We're going to hang onto a copy of our `RestartNode2SpecConfig` class in a field called `_config`, which will be helpful when we need to look up `RoleName`s later.

Finally, we need to create our test method and decorate it with the `MultiNodeFact` attribute:

```csharp
[MultiNodeFact]
public void RestartNode2Specs()
{
Cluster_seed_nodes_must_be_able_to_restart_first_seed_node_and_join_other_seed_nodes();
}
```

This method is what will be executed by the multi-node test runner.

#### Addressing Nodes
All nodes in the multi-node test runner are going to be given randomized addresses and ports - thus we can never predict those addresses at the time we design our tests. Therefore, the way we always refer to nodes is by their `RoleName`s.

If we want to resolve the Akka.NET `Address` of a specific node, we can do this via the `GetAddress` method:

```csharp
private ImmutableList<Address> SeedNodes
{
get
{
return ImmutableList.Create(seedNode1Address, GetAddress(_config.Seed2));
}
}
```

The `GetAddress` method accepts a `RoleName` and returns the `Address` that was assigned to the node by the multi-node test runner.

#### Running Code on Specific Nodes
The most important tool in the `Akka.Remote.TestKit`, the base library where all multi-node testing tools are defined, is the `RunOn` method:

```csharp
RunOn(() =>
{
// seed1System is a separate ActorSystem, to be able to simulate restart
// we must transfer its address to seed2
Sys.ActorOf(Props.Create<Watcher>().WithDeploy(Deploy.Local), "address-receiver");
EnterBarrier("seed1-address-receiver-ready");
}, _config.Seed2);


RunOn(() =>
{
EnterBarrier("seed1-address-receiver-ready");
seedNode1Address = Cluster.Get(seed1System.Value).SelfAddress;
foreach (var r in ImmutableList.Create(_config.Seed2))
{
Sys.ActorSelection(new RootActorPath(GetAddress(r)) / "user" / "address-receiver").Tell(seedNode1Address);
ExpectMsg("ok", TimeSpan.FromSeconds(5));
}
}, _config.Seed1);
```

Notice that the first `RunOn` call takes an argument of `_config.Seed2`, whereas the second `RunOn` call takes an argument of `_config.Seed1`. The code in the first `RunOn` block will only execute on the node with `RoleName` "Seed2" and the code in the second block will only run on `RoleName` "Seed1."

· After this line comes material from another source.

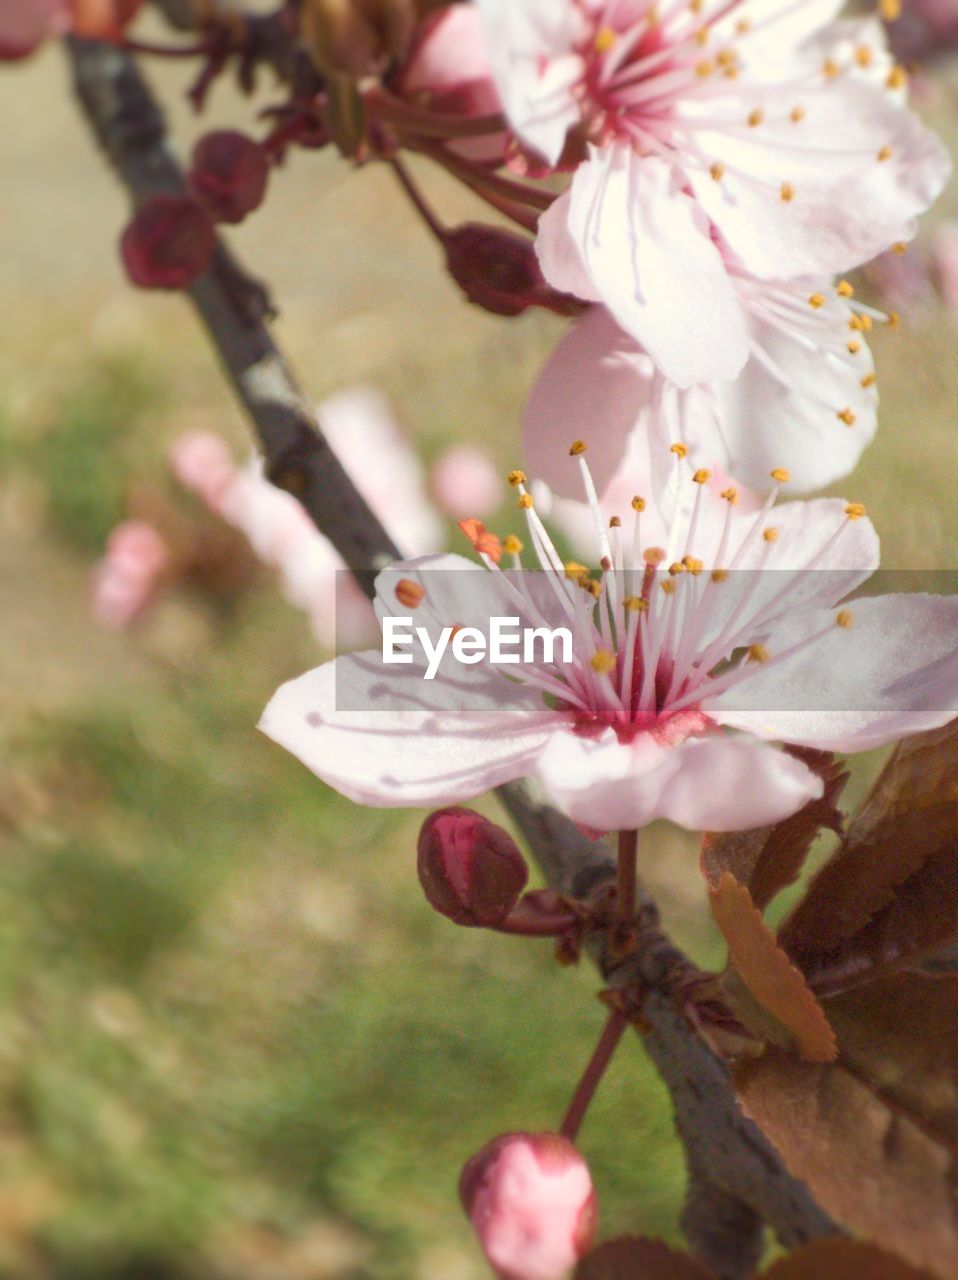 plant, flower, flowering plant, freshness, fragility, beauty in nature, blossom, growth, close-up, springtime, pink, nature, tree, pollen, petal, flower head, produce, stamen, inflorescence, branch, focus on foreground, food, no people, fruit tree, cherry blossom, botany, day, outdoors, spring, fruit, twig, selective focus, almond tree, white, cherry tree, orchard, apple tree

Given that each node runs inside its own process, it's likely that both of these blocks of code will be executing simultaneously.

#### Synchronizing Test Progression on Different Nodes
In order to make multi-node tests effective, we must have some means of synchronizing all of the nodes in each test - such that they all reach the same assertions at the same time. This is precisely what the `EnterBarrier` method helps us do, as you can see in the code sample above.

`EnterBarrier` creates a synchronization barrier between processes - no processes can advance past it until all processes have reached it. If one process fails to reach the barrier within 30 seconds (this is configurable via the [Akka.Remote.TestKit reference configuration](https://github.com/akkadotnet/akka.net/blob/dev/src/core/Akka.Remote.TestKit/Internals/Reference.conf)), the test will throw an assertion error and fail.

#### Terminating, Aborting, and Disconnecting Nodes
One of the most useful features of the multi-node testkit is its ability to simulate real-world networking issues, and this can be accomplished using some of the APIs found in the Akka.Remote.TestKit.

**Creating Network Partitions**
In order to create a network partition between two or more nodes, the `TestTransport` must be enabled inside the `MultiNodeConfig` class constructor. This allows access to the `TestConductor`, which can be used to render two or more nodes unreachable:

```csharp
RunOn(() =>
{
TestConductor.Blackhole(_config.First, _config.Second,
ThrottleTransportAdapter.Direction.Both).Wait();
}, _config.First);
EnterBarrier("blackhole-2");
```

In this example, the `TestConductor.Blackhole` method is used to create 100% packet loss between the `RoleName` "First" and "Second". Those two nodes will still be running as part of the test, but they won't be able to communicate with each other over Akka.Remote.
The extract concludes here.